Implement PCRE style in-regex comments; e.g. (?#comment) #2404

Closed makyen closed 6 years ago

makyen commented 6 years ago

The Python regex implementation we used does not appear to implement any method of having in-regex-text comments which would work in the watchlist and blacklists.1 It would be beneficial for us to be able to include comments in at least our watchlist and blacklist entries, and potentially the other regexes that we use in findspam.py. PCRE implements in-regex comments using comments like (?#comment).

It would be relatively easy for us to implement support for PCRE style regex comments. These could be implemented by just removing from the strings we convert to regexes any content which matches the regex \(\?#(?<!(?:[^\\]|^)(?:\\\\)*\\\(\?#)[^)]*\).2

This substitution could be performed at one of the following points (listed in in order of increasing generality):

  1. For watchlist and blacklists only: when we read the watchlist and blacklist lines from the files
  2. All 'regex' detections: just prior to using regex.compile() on the text provided in all the 'regex' detections, or
  3. All regexes: as a wrapper to regex.compile().
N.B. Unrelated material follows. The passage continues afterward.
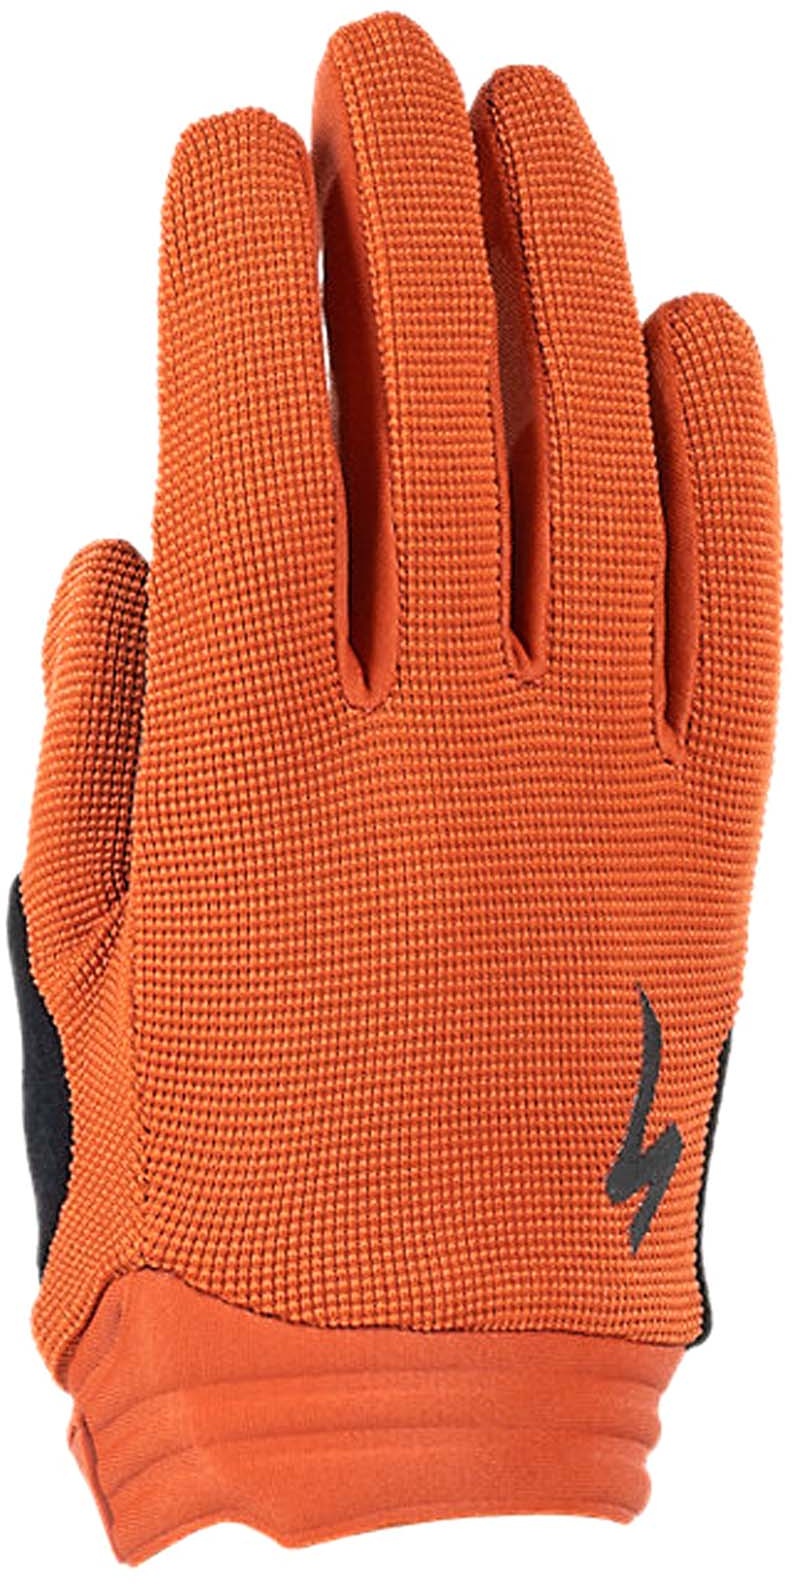 Specialized Youth Trail Handschuhe langfinger | redwood - Youth L
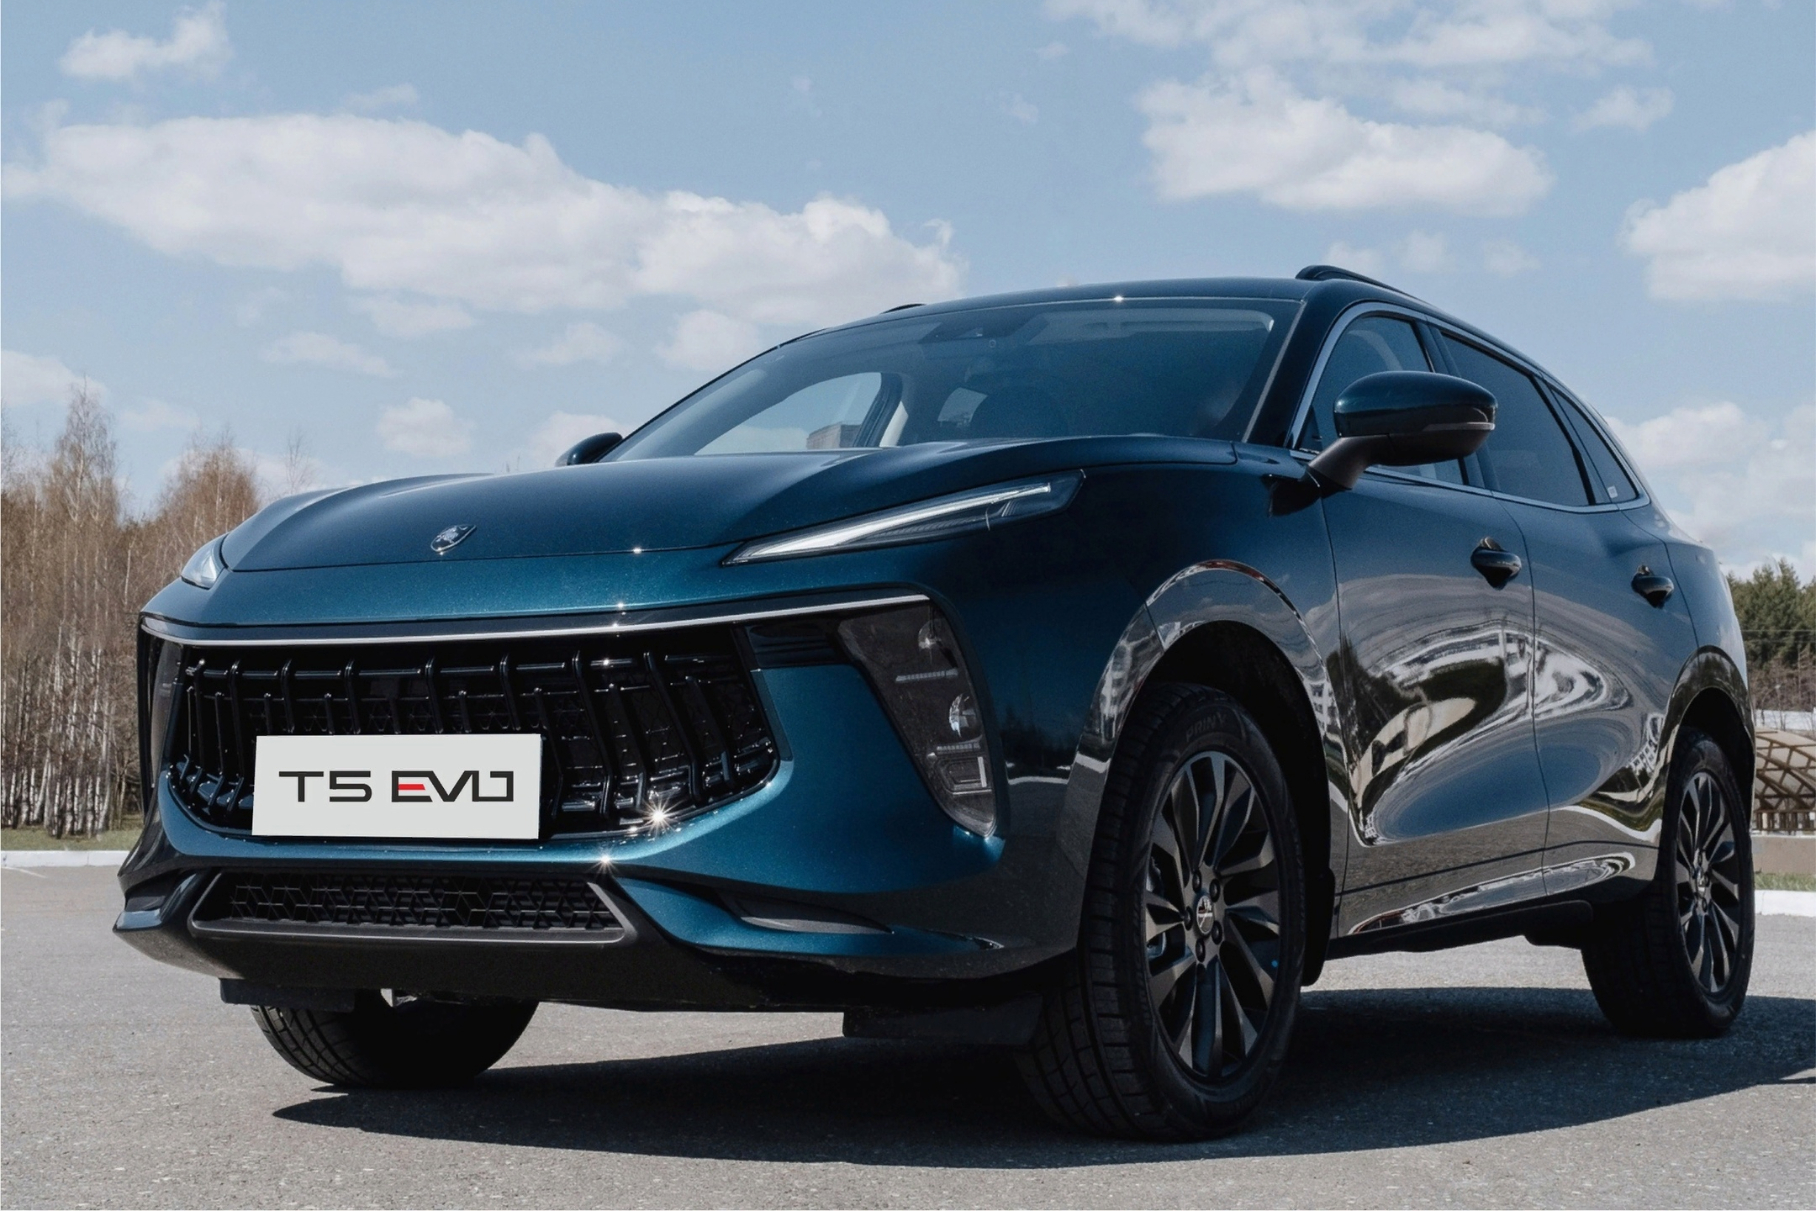 The Forthing crossover, similar to the Lamborghini Urus, has dropped sharply in Russia

  1. There is the possibility of "Verbose" regexes using the X flag, which I assume is also available in the regex module we're using. However, using these would not address having comments in the watchlist and blacklists.
  2. That regex is untested, as it relies on variable length look-behinds for which I don't have a simulator/tester. The regex \(\?#(?<!^\\\(\?#)(?<![^\\]\\\(\?#)(?<!\\\\\\\(\?#)[^)]*\) is tested and correctly matches, or not, for up to 3 \ escapes prior to the `(?#comment).
quartata commented 6 years ago

it would be a lot easier just to use python-pcre

iBug commented 6 years ago

You can just blacklist/watch something that starts with a hash.

iBug commented 6 years ago

oops, accidentally tapped the wrong button, please ignore

makyen commented 6 years ago

@quartata Assuming that python-pcre does implement just PCRE, it's unlikely that it would be easier to use it. We currently use capabilities (e.g. variable length look-behind) which are not part of PCRE. If it was me, I'd much rather implement a single regex-replace (which is all that implementing this requires) than take on the known and unknown issues of moving to a different regex implementation.

makyen commented 6 years ago

Prior to writing this RFE, I had found non-official documentation which said these are not implemented. In addition, the official documentation I looked in didn't mention them, while mentioning other types of comments ("verbose" regular expressions).

However, having looked in the source code for regex, it does appear that this style of comment is already implemented as a standard part of both the re and regex implementations. After finding it in the source, I also found it in the re documentation.

So, there's no need for this RFE, as it's already natively supported. So, sorry to waste everyone's time.